- [EXERCISE OBJECTIVE]: Reproduce only what runs from the line containing "LEGO Classic 11002" to the line containing "Hake in green sauce a very popular fish dish" in the records below, inclusive. Keep it exact, and keep the pictures out.

INPUT MATERIAL Block Start

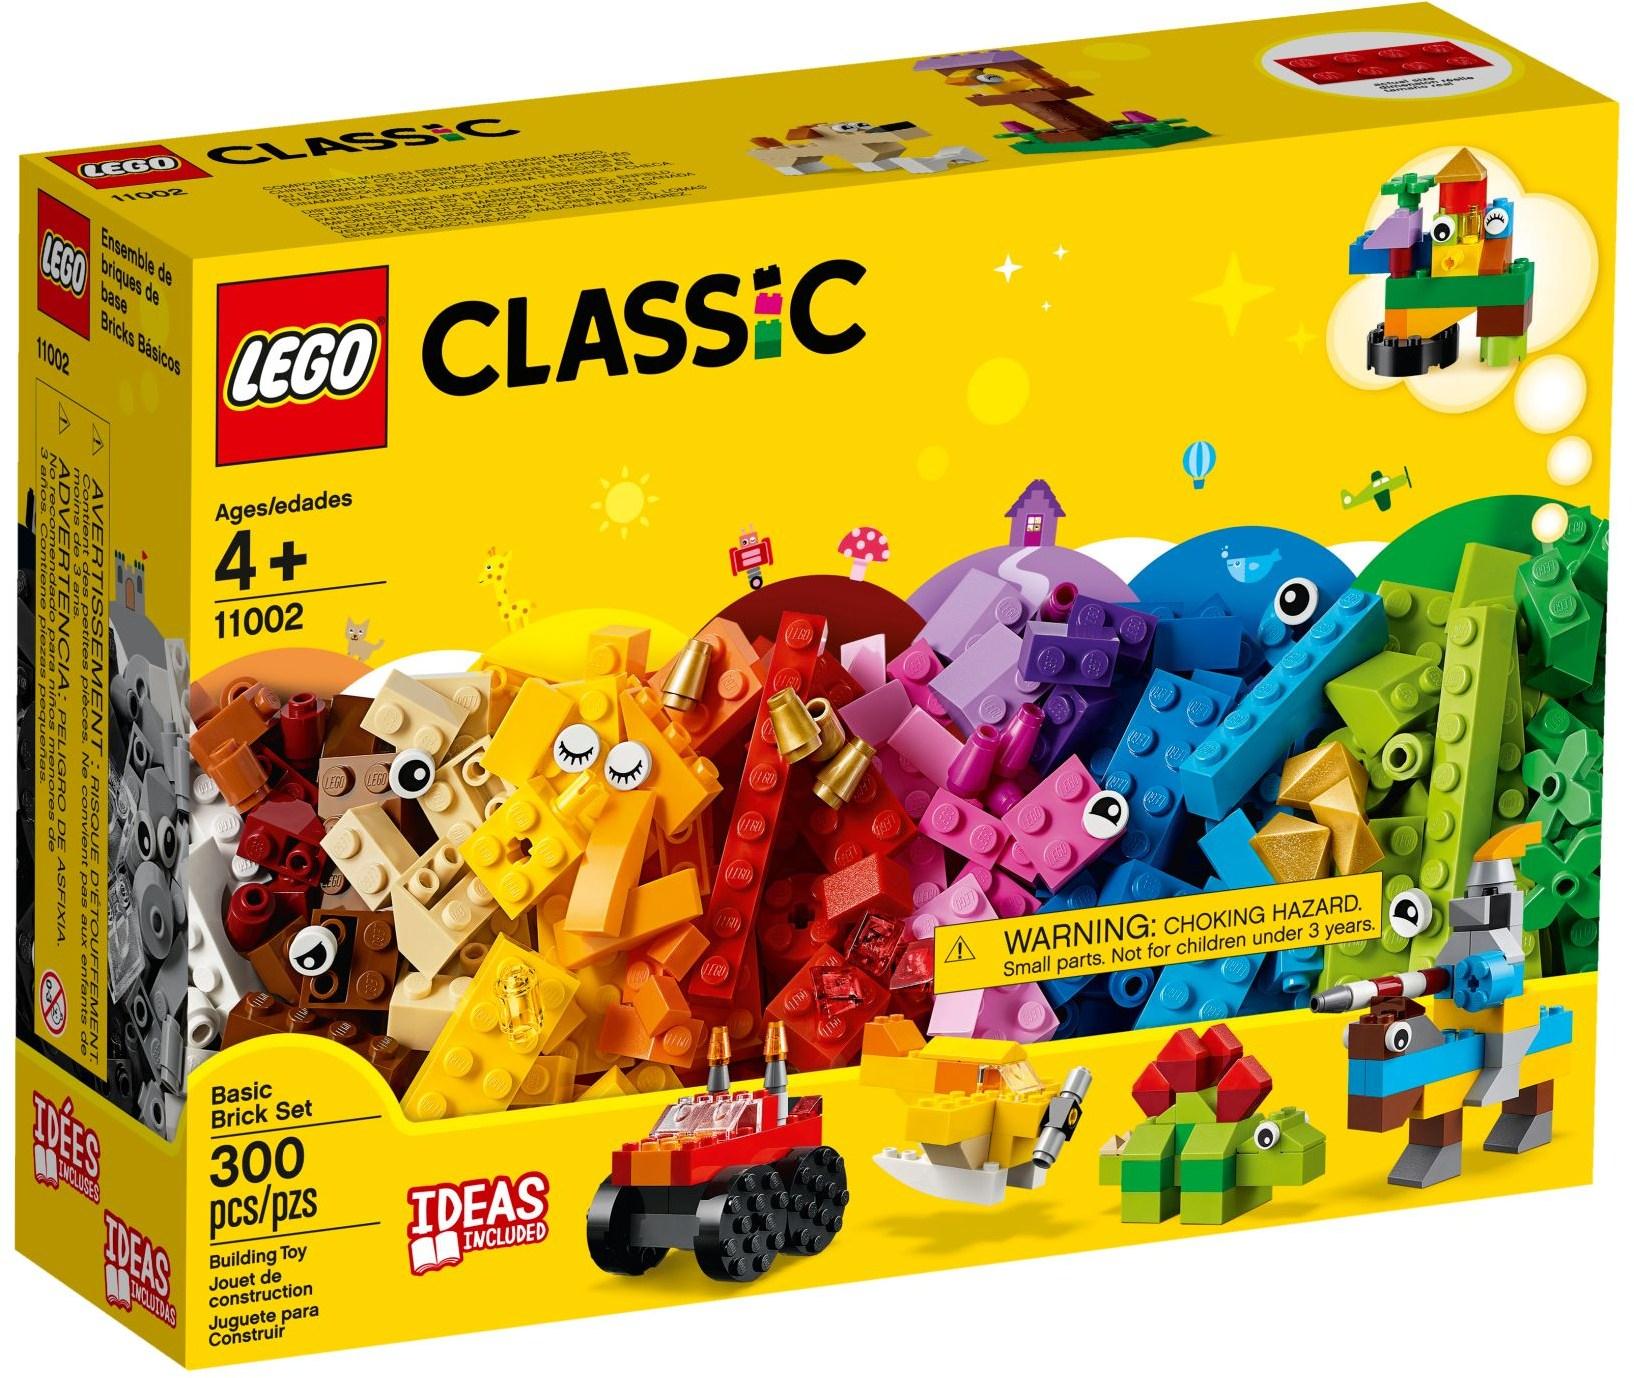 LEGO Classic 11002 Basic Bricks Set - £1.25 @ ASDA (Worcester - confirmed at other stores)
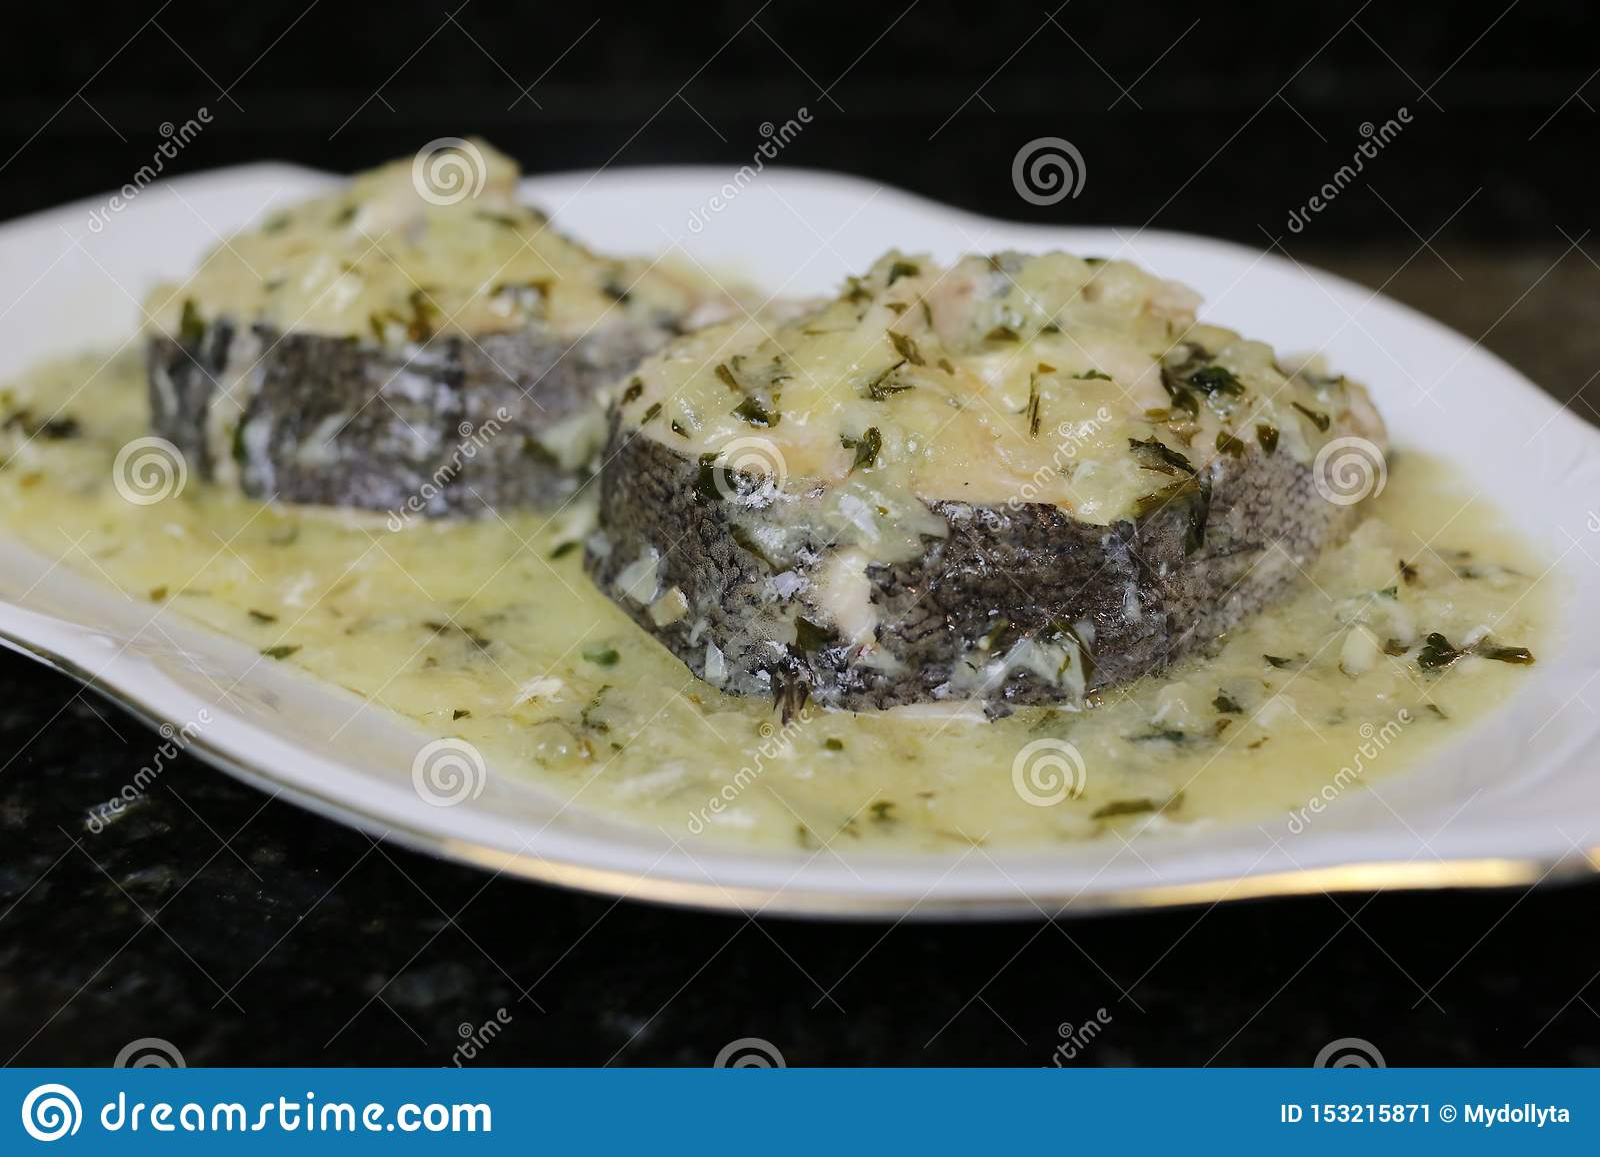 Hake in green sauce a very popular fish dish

INPUT MATERIAL Block End
INPUT MATERIAL Block Start

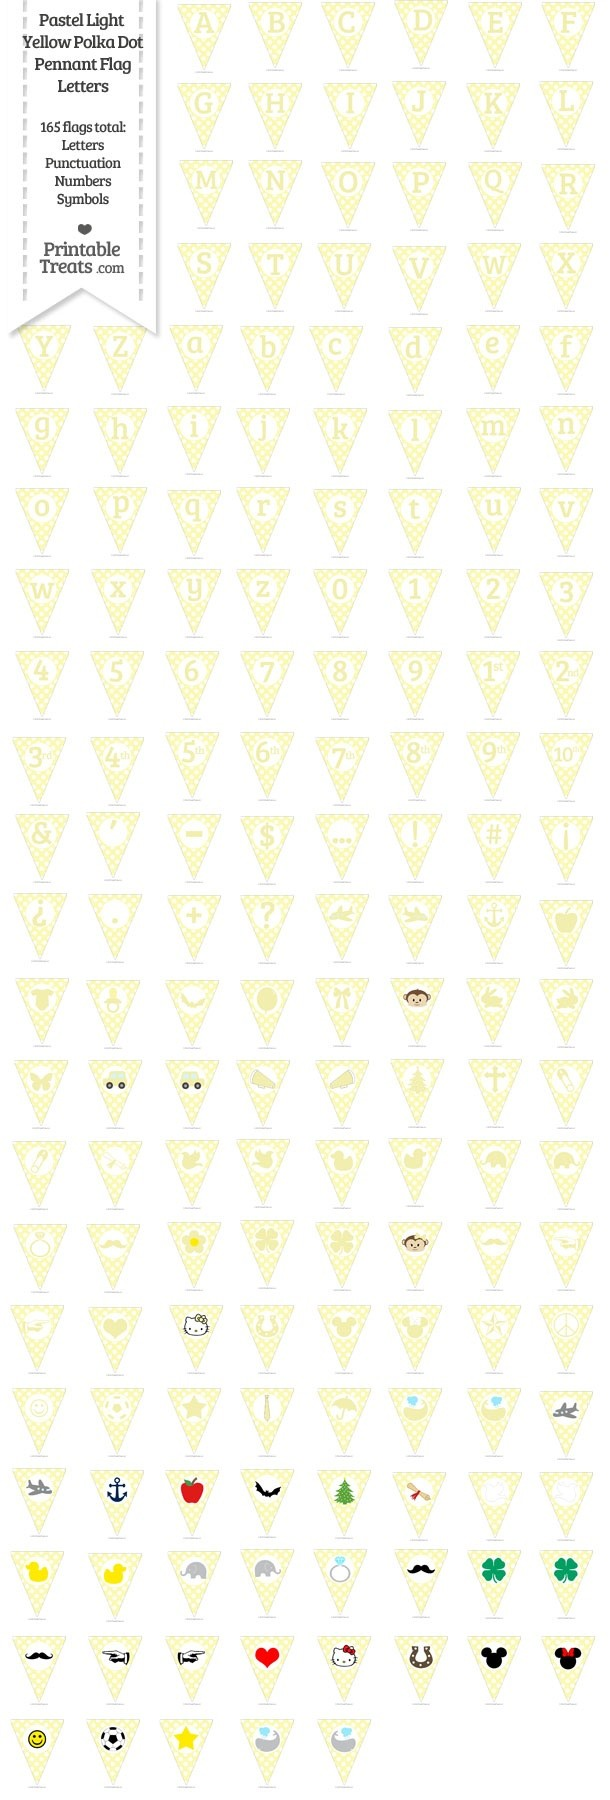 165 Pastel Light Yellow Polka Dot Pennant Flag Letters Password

INPUT MATERIAL Block End

- [WRITTEN ANSWER]:
 LEGO Classic 11002 Basic Bricks Set - £1.25 @ ASDA (Worcester - confirmed at other stores)
 Hake in green sauce a very popular fish dish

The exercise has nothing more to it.